Claim 4. Let $$C \subset \mathbb{R}^n$$ be a convex subset of finite positive Lebesgue measure. Let $$H =\{0\} \times \mathbb{R}^{n -1}$$ and let $$C' \Doteq \text{St}_H(C)$$ be the [Steiner symmetrization][2] of $$C$$ with respect to $$H$$. Then we have $$\tau(C) \le \tau(C')$$.

We now turn to the proofs of the above claims.

Proof of Claim 1. Because of Remark 1, we can restrict, without loss of generality, to intervals of the form $$[-1, 1] + d$$ with $$d \ge 0$$. A direct computation yields $$f([-1, 1] + d) = \int_{-1}^1 (2 - \vert d + x \vert)^{+} dx = \left\{\begin{array}{cc} 3 -d^2 & \text{ if } 0 \le d \le 1, \\ \frac{1}{2}(3 - d)^2 & \text{ if } 1 \le d \le 3, \\ 0 & \text{ if } d \ge 3. \end{array}\right.$$ where $$g^{+} \Doteq \max(g ,0)$$ for $$g$$ a real-valued function.

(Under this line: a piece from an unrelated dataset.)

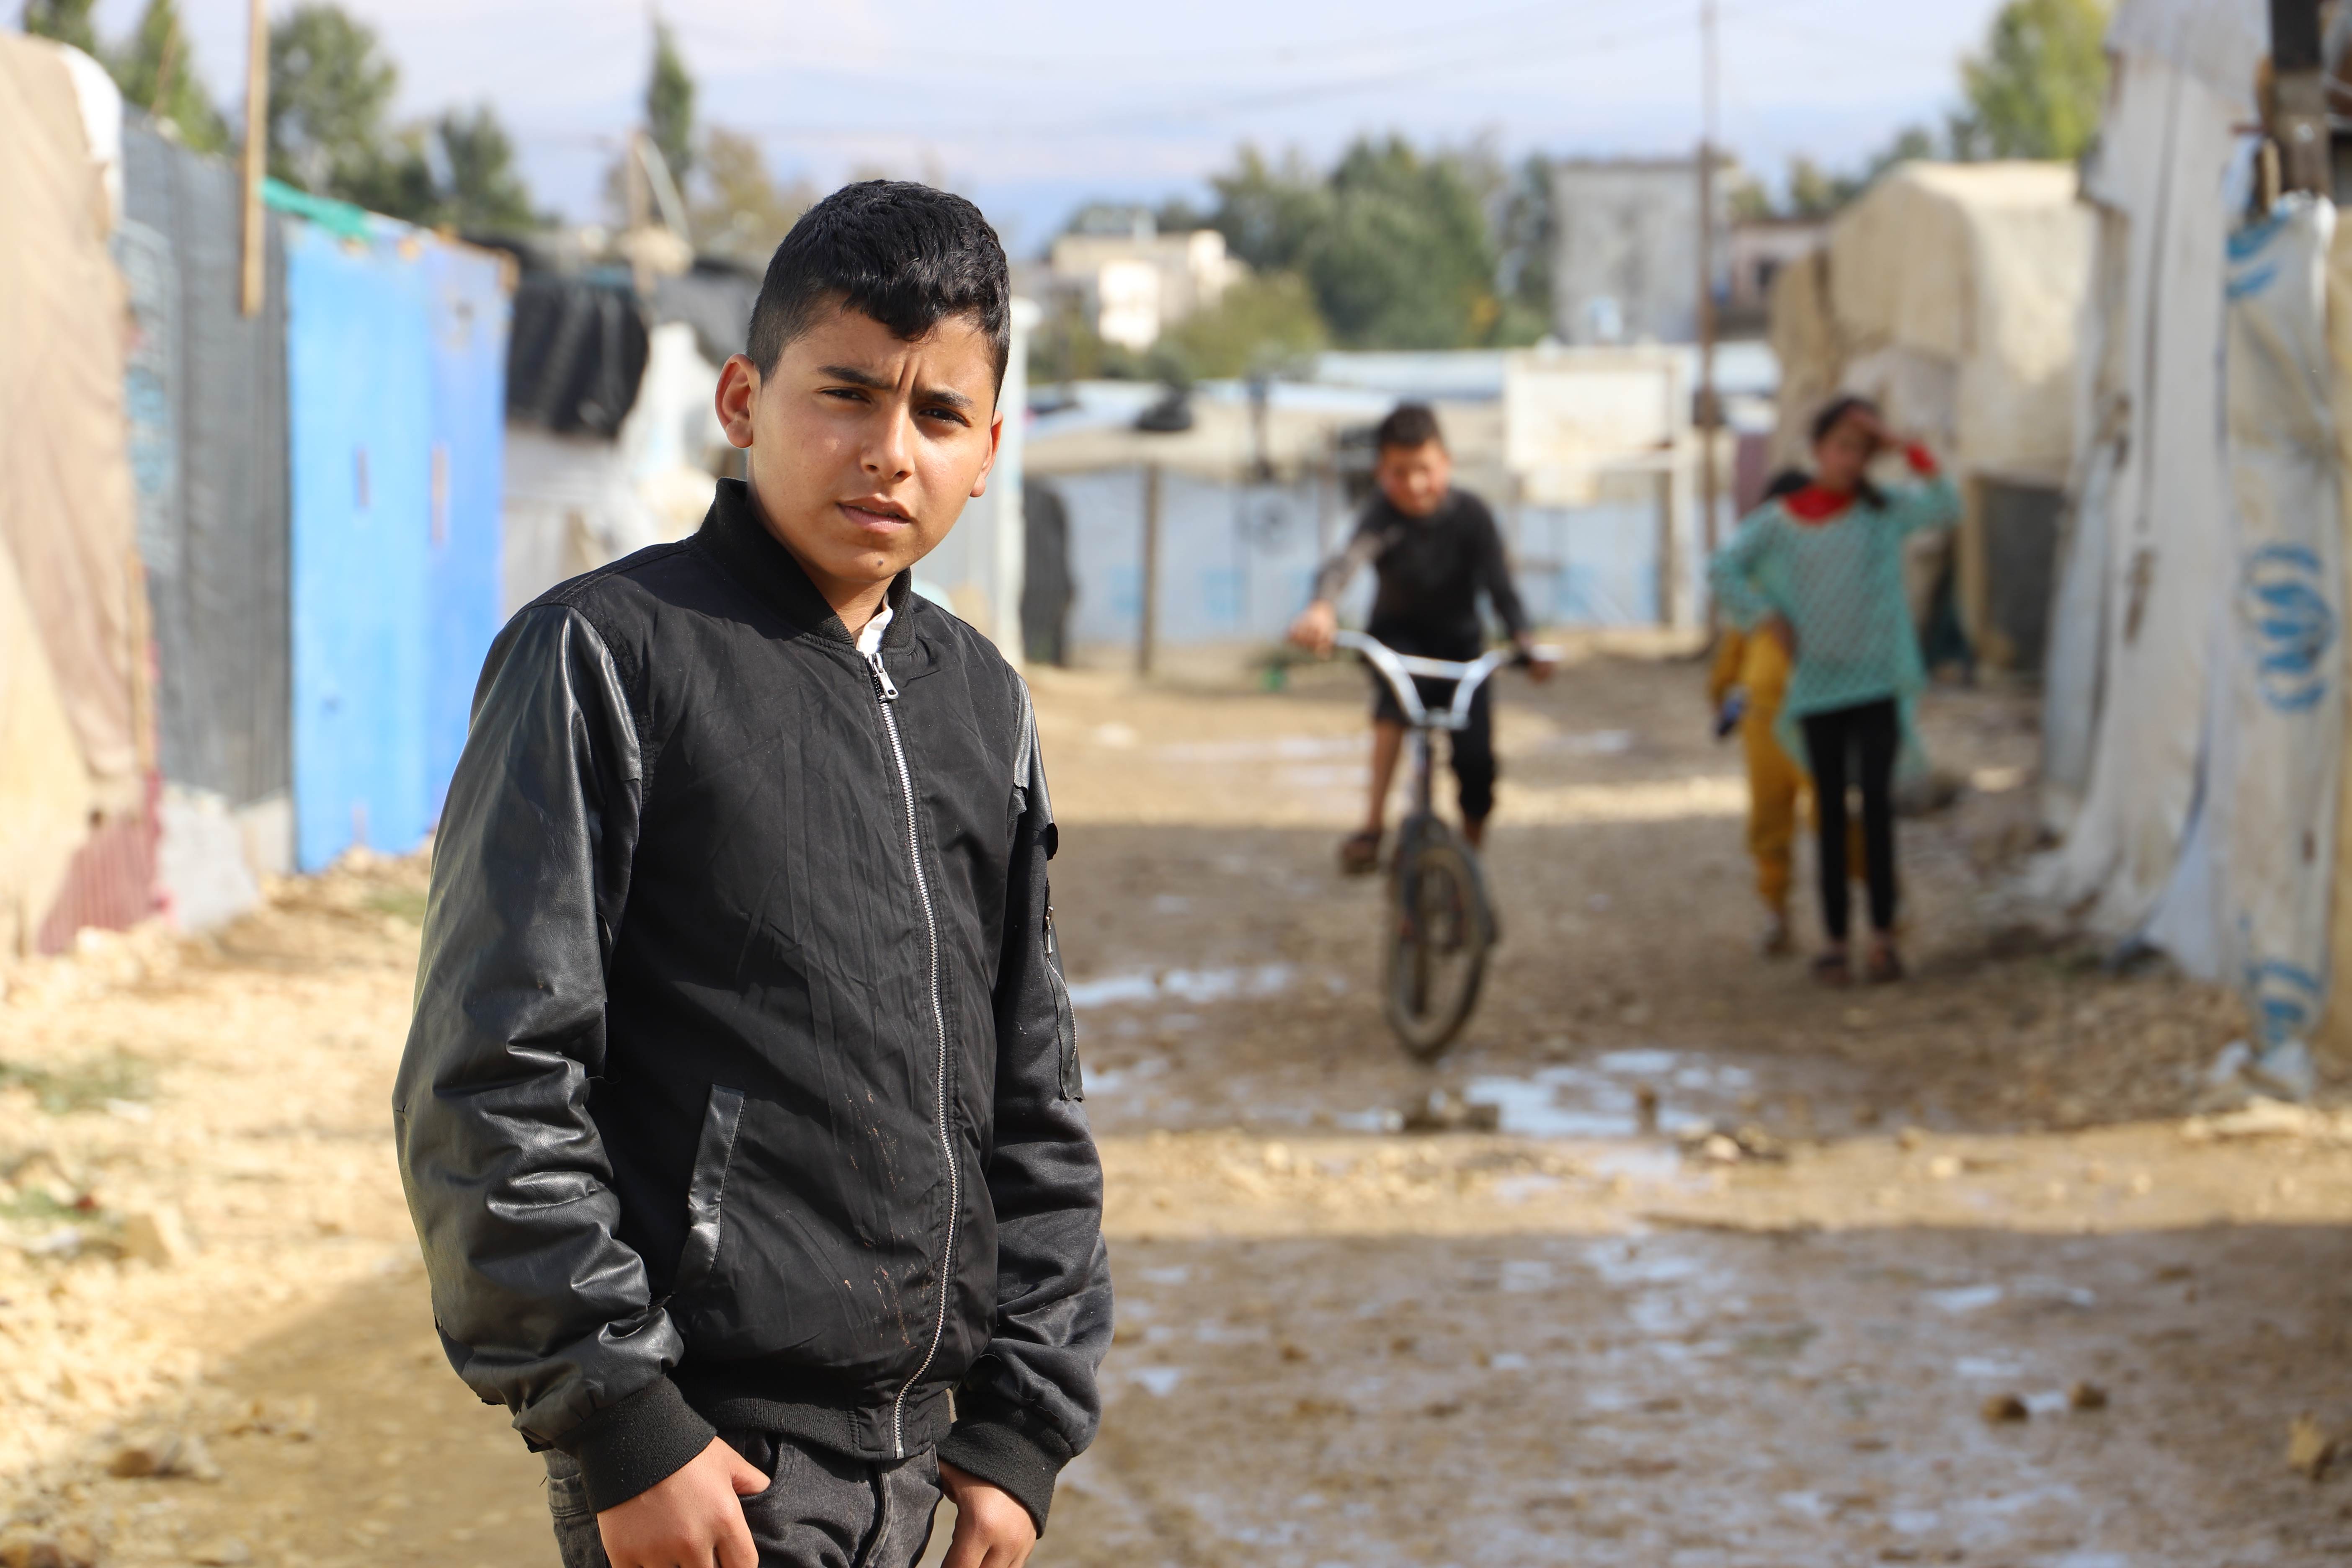 Un niño sirio frente a unas tiendas de campaña en un campo de refugiados en Siria

The result follows.

Proof of Claim 2. By Remark 1, we can restrict to the convex sets of the form $$C = [-1, 1]^n + d$$ with $$d = (d_1, \dots, d_n) \in \mathbb{R}^n$$. We have $$f(C) = \int_{[-1, 1]^n} (2 - \vert x_1 + d_1 \vert)^{+} \cdots (2 - \vert x_n + d_n\vert)^{+}dx_1 \cdots dx_n$$. It follows from Claim 1, that $$f(C) \le \int_{[-1, 1]^n} (2 - \vert x_1 \vert)^{+} \cdots (2 - \vert x_n \vert)^{+}dx_1 \cdots dx_n = 3^n$$ and the inequality is strict whenever one of the $$d_i$$'s is not zero. The result follows.

We denote by $$V_n(r)$$ the Lebesgue measure of the Euclidean ball of radius $$r \ge 0$$, that is, $$V_n(r) = r^n\frac{\pi^{\frac{n}{2}}}{\Gamma(\frac{n}{2} + 1)}$$, and let $$\nu_n = V_n(1) = \lambda(B_n)$$. Given a real number $$h$$ such that $$-1 \le h \le 1$$, we denote by $$B_n^{\text{cap}}(h)$$ the hyperspherical cap of height $$h$$ along $$x_n$$ , that is the set of points $$x = (x_1, \dots, x_n) \in B_n$$ such that $$x_n \ge h$$. We also set $$V_n^{\text{cap}}(h) = \lambda(B_n^{\text{cap}}(h))$$.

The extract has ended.